TOWARDS AN OPEN SOURCE PYTHON LIBRARY FOR AUTOMATED EXPLORATORY SPATIAL DATA ANALYSIS
- 1Department of Geography, Geoinformatics and Meteorology, University of Pretoria, Pretoria, South Africa
- 2Department of Statistics, University of Pretoria, Pretoria, South Africa
Keywords: Open Source, Python library, Spatial Statistics, ESDA
Abstract. The exploratory spatial data analysis (ESDA) process refers to the use of various functions to gain an initial understanding of a spatial dataset. These include measures of spatial heterogeneity and spatial autocorrelation. Currently, the ESDA process is repetitive and time-consuming. Additionally, while different results arise for different datasets, how these results are generated does not change significantly.

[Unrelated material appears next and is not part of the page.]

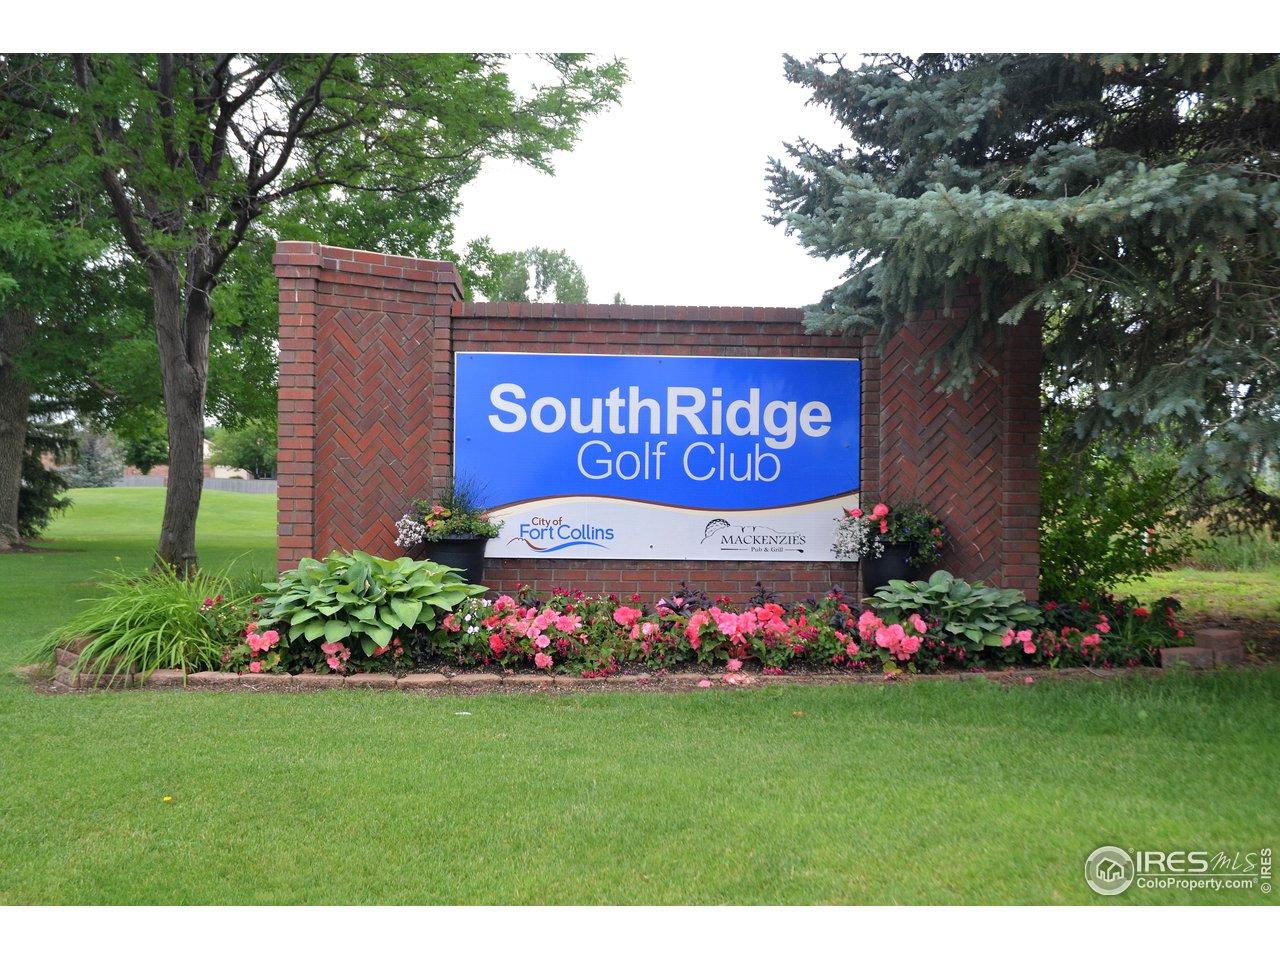 Public Southridge Golf Club--18 hold course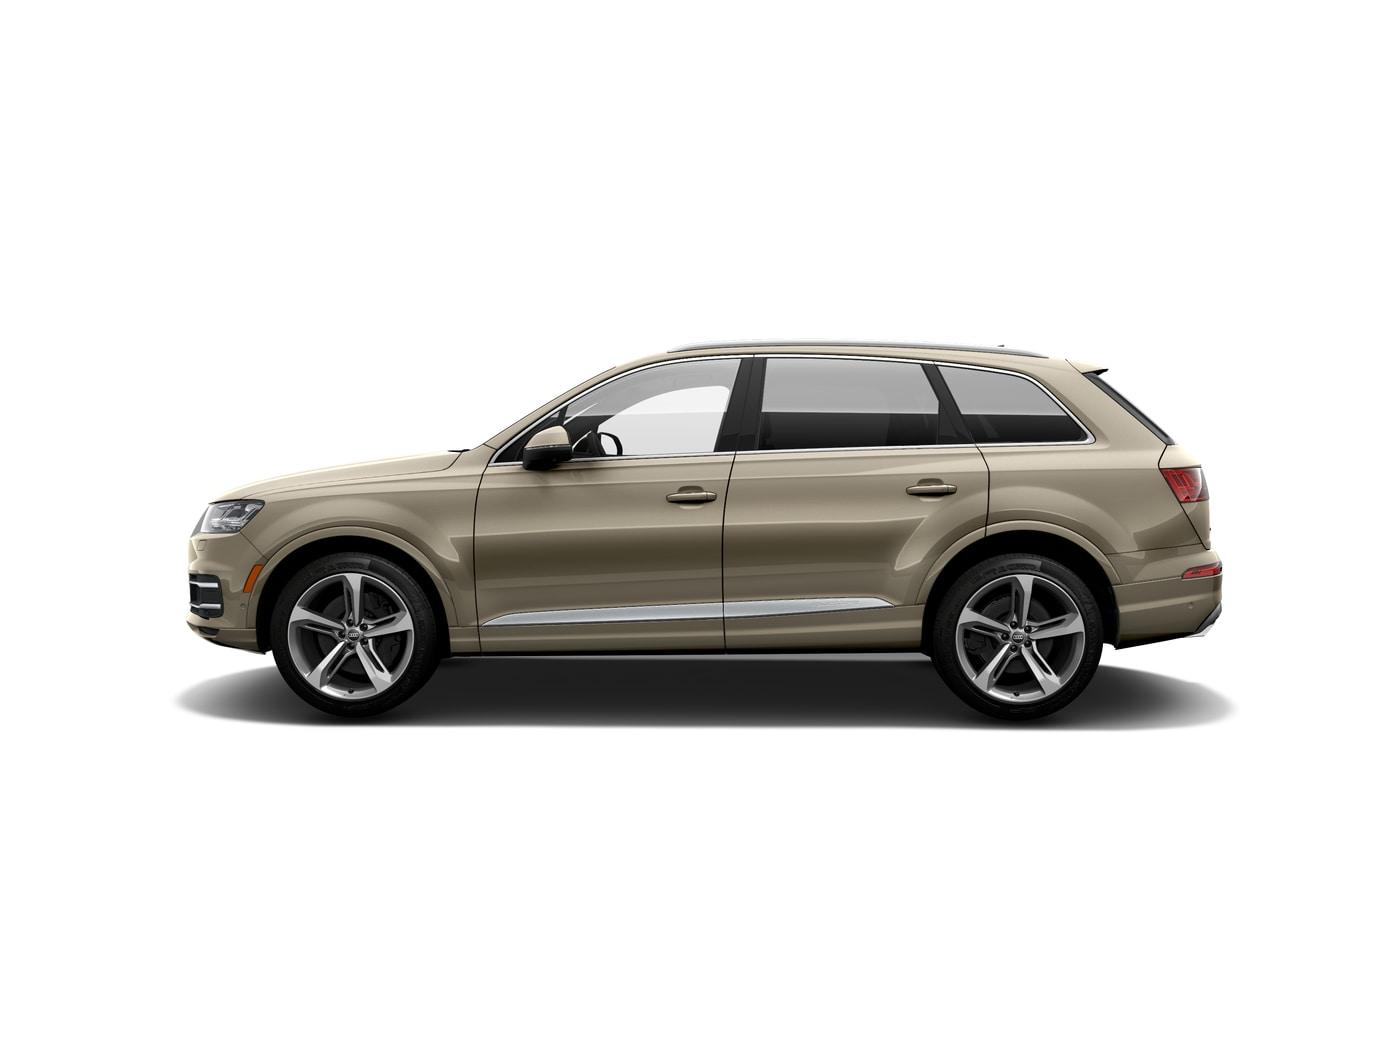 New 2019 Audi Q7 For Sale at Audi Kalamazoo | VIN: WA1VABF70KD018197

Results are also generated individually for each variable which means that they cannot be easily compared or shared.
The automation of the ESDA process would therefore have multiple benefits as it would not only save time, but it would also allow the data analyst to keep up with the rapid rate at which we generate data. This paper aims to introduce the first iteration of autoESDA – a Python library capable of automating the ESDA process by summarising the results into a single report.
In this paper, we present the defined high-level requirements for the implementation of autoESDA. Various dependency libraries are discussed and a high-level overview of the workflow of autoESDA is described. The library is then evaluated against the requirements laid out earlier in the study. Semi-structured interviews were carried out, which yielded a wealth of feedback and suggestions from the participants, describing how the output report could be improved. Finally, a roadmap of proposed further developments and improvements is discussed.
The first version demonstrates that the automation of ESDA is possible and lays the foundation for further development in this regard. This is an important contribution to understanding spatial data as it enables the data analyst to keep up with the magnitude of data that is generated on a daily basis.